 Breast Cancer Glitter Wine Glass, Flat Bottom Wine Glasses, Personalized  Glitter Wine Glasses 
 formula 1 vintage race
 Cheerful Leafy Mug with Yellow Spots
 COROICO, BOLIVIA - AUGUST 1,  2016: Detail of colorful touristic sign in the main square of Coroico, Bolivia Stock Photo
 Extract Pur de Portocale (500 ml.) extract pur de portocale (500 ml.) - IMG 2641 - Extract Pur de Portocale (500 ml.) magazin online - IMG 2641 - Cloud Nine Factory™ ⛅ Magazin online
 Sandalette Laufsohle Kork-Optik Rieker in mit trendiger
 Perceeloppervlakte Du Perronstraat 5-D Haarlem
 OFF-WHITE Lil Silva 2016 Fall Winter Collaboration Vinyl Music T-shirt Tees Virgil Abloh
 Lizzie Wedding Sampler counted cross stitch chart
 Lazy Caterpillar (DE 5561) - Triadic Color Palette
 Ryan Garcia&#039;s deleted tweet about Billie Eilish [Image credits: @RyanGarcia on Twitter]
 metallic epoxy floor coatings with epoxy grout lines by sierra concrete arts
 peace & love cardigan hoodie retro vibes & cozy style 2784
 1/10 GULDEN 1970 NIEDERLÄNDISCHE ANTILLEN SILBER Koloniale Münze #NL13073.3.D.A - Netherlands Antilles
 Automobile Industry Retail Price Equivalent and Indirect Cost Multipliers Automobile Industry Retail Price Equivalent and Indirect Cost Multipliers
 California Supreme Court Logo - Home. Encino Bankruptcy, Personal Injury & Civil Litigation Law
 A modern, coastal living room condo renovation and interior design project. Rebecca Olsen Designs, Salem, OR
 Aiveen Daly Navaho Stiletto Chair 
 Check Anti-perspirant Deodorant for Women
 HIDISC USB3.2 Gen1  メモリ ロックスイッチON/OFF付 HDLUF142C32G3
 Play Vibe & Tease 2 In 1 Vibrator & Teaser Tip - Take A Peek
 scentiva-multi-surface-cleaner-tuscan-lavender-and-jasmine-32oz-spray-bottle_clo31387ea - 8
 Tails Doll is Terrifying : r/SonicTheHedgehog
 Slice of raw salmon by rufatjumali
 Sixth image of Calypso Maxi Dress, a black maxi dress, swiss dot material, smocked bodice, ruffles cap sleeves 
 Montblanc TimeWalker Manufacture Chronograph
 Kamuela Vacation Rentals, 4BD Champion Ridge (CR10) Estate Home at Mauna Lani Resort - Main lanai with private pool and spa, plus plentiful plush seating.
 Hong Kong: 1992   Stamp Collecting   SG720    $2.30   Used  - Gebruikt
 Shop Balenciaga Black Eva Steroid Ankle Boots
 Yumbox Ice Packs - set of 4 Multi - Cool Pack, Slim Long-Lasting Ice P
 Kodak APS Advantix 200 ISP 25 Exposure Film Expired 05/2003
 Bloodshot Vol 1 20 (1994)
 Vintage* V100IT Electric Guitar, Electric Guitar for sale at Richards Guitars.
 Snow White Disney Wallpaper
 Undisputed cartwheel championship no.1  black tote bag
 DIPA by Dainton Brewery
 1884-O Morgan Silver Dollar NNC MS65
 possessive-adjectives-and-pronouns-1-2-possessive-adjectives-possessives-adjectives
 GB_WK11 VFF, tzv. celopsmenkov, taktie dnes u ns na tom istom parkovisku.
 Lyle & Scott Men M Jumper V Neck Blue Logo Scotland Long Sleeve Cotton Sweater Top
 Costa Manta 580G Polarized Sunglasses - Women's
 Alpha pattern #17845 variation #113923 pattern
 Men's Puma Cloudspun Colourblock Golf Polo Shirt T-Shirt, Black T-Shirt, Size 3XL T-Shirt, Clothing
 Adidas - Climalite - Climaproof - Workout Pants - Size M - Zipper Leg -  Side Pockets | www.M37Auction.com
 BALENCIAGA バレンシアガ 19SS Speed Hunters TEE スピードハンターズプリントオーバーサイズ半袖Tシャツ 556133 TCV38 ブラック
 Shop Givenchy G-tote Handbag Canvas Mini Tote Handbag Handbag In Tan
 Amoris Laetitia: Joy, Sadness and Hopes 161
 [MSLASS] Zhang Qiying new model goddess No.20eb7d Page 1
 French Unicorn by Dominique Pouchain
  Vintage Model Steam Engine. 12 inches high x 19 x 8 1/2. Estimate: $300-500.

::::::::::

» **PROBLEM REQUIREMENTS**
Filter the data above by the word "Shop" and copy every line that matches.

» **THE ANSWER**
 Shop Balenciaga Black Eva Steroid Ankle Boots
 Shop Givenchy G-tote Handbag Canvas Mini Tote Handbag Handbag In Tan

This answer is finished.